<<<<

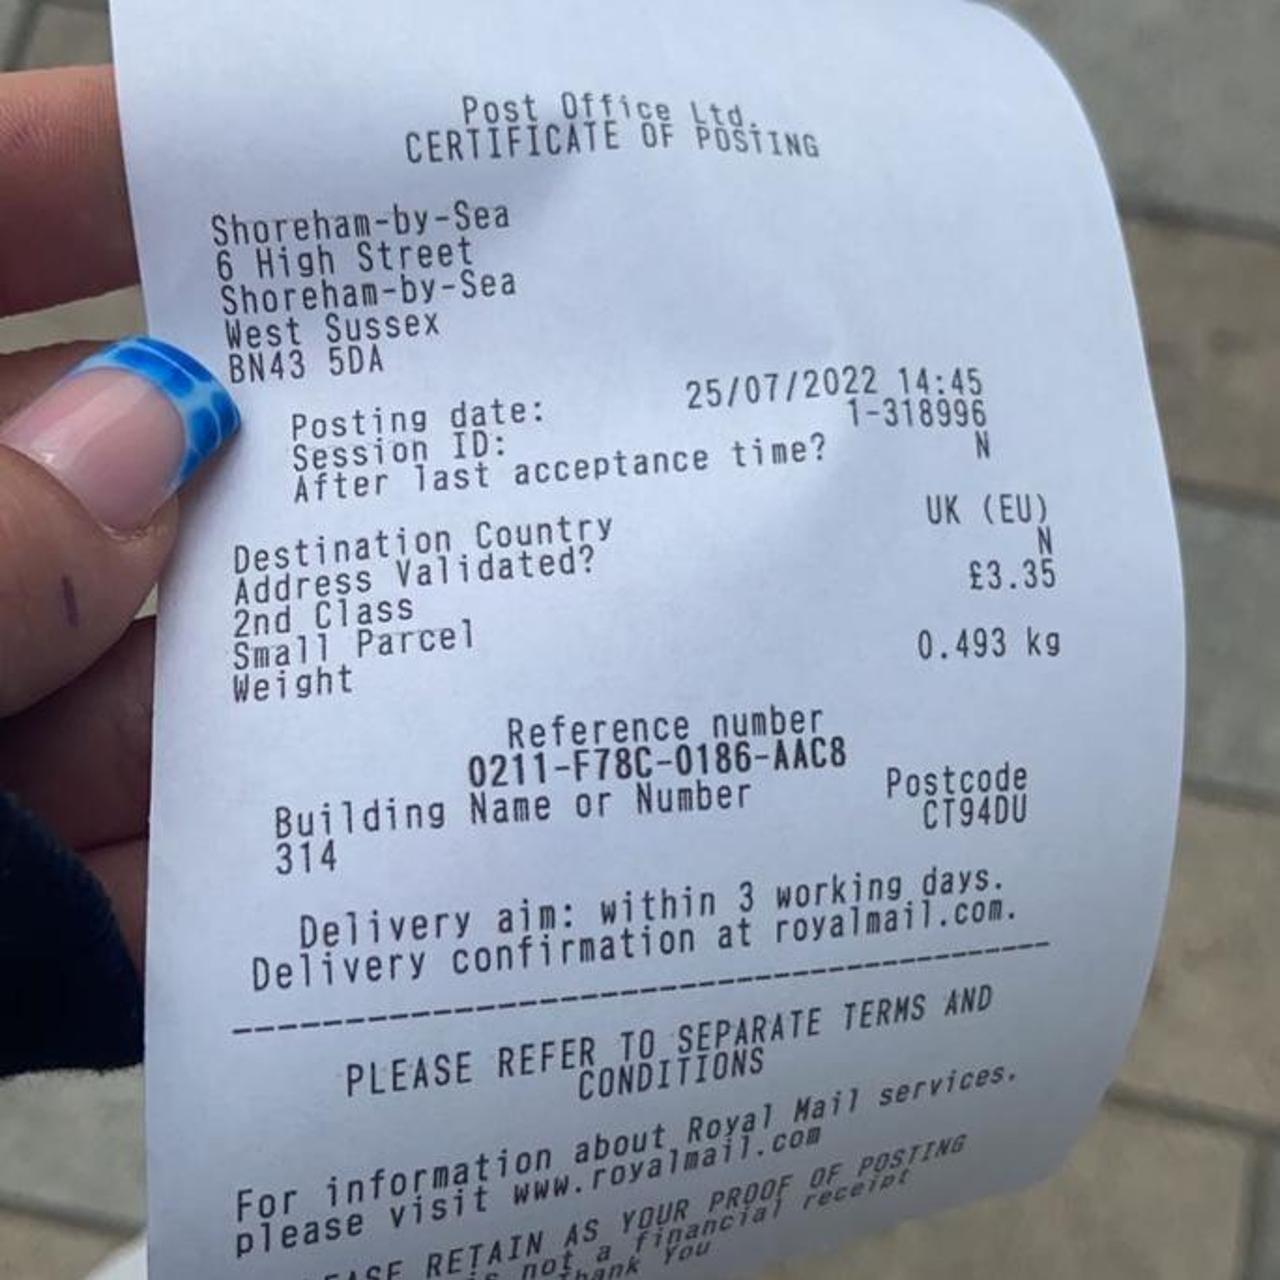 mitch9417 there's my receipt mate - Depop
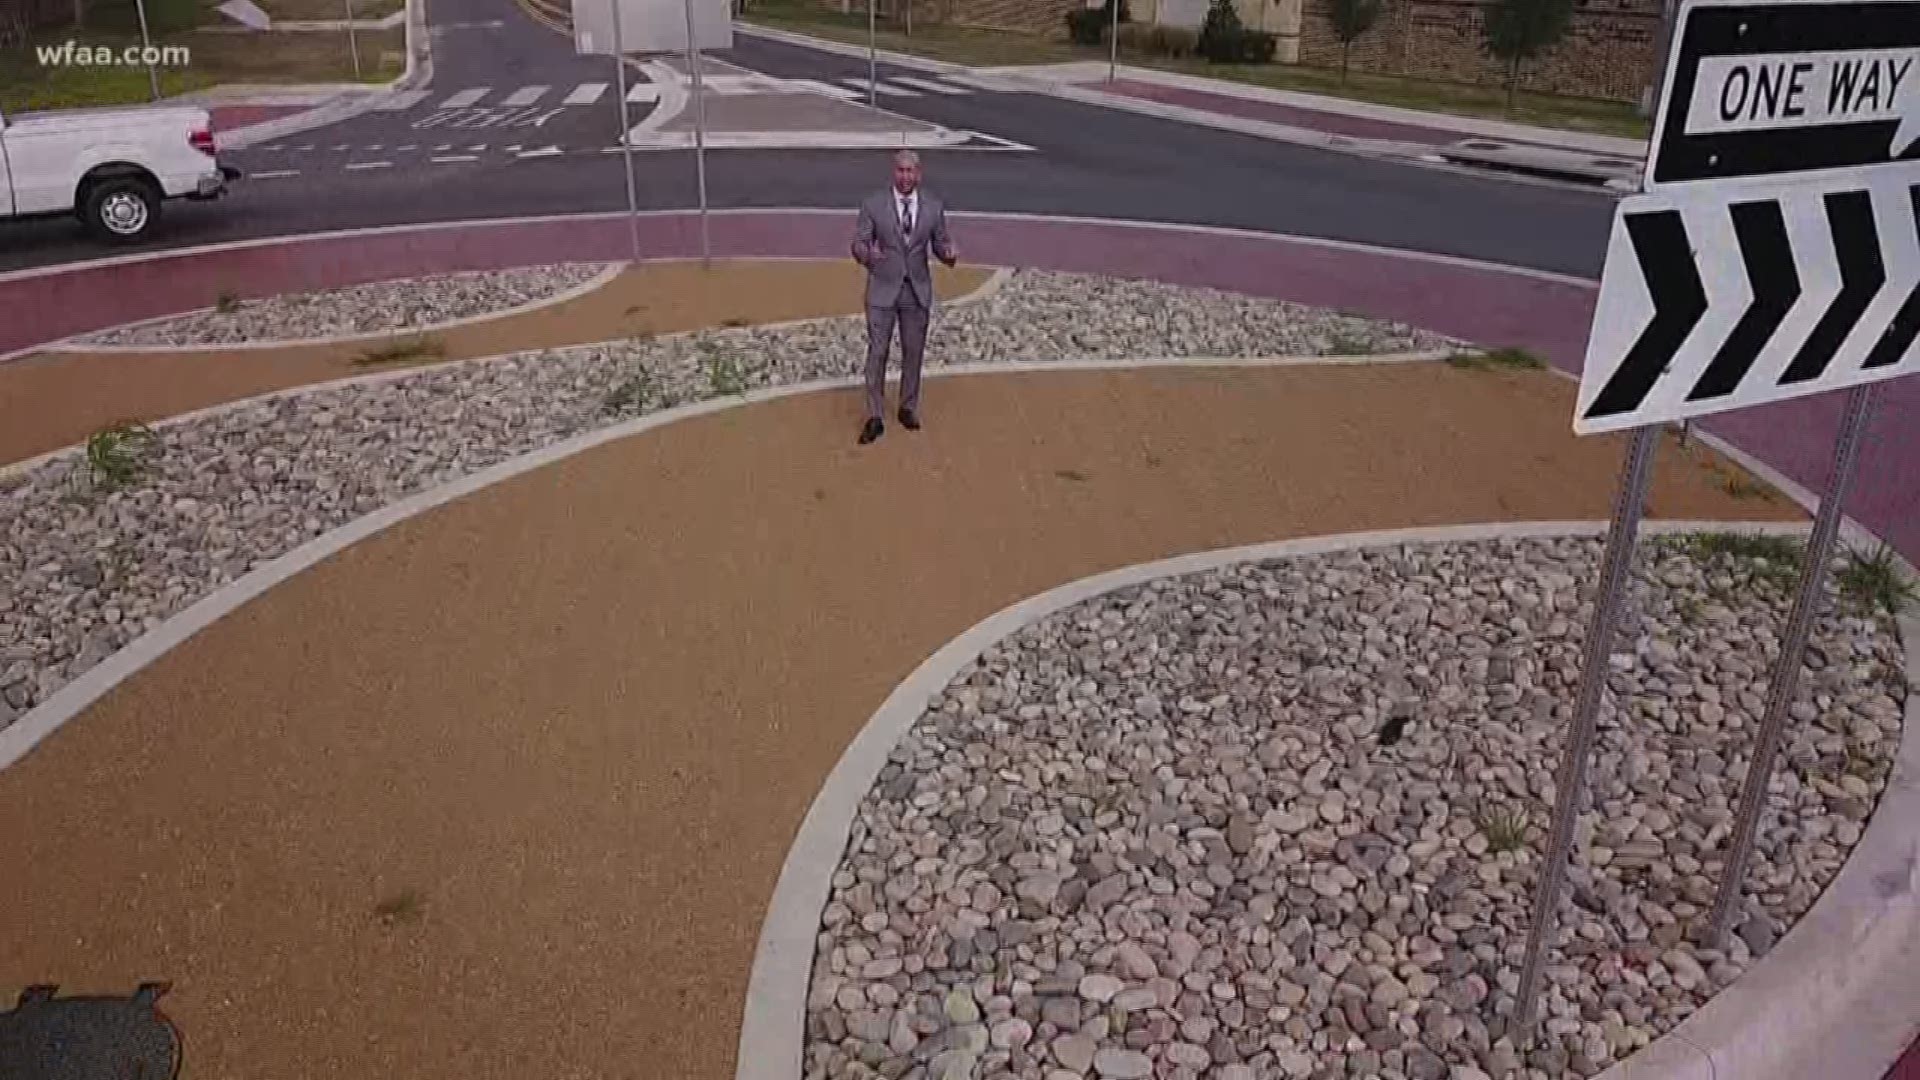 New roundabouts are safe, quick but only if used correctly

>>>>
<<<<

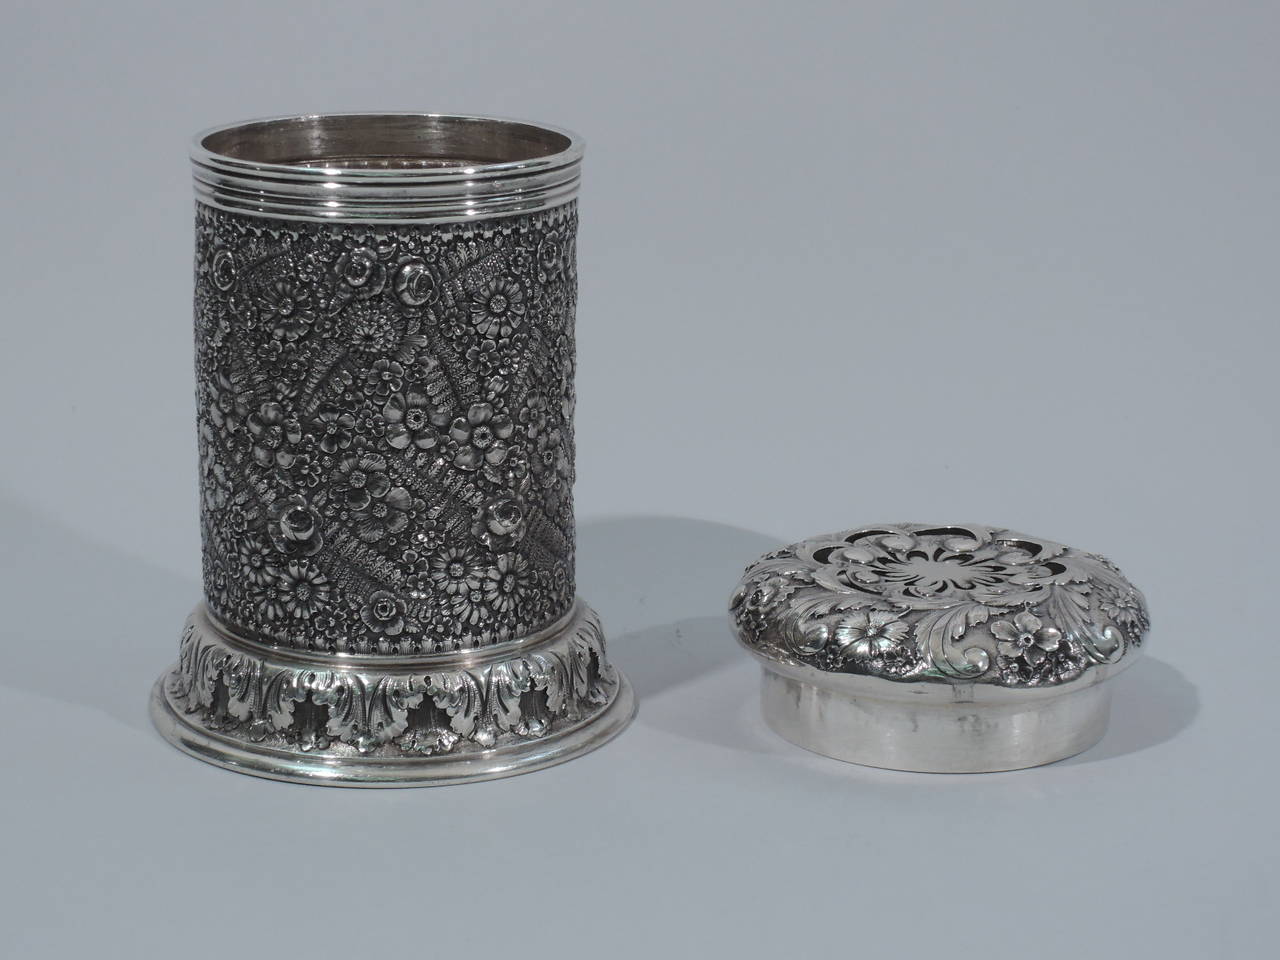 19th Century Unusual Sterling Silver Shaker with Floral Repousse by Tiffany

>>>>

Exercise
With pictures excluded, reproduce exactly the lines above from the one containing "mitch9417 there's my receipt mate - Depop" down to the one containing "New roundabouts are", those two included.

Response to the exercise
 mitch9417 there's my receipt mate - Depop
 New roundabouts are safe, quick but only if used correctly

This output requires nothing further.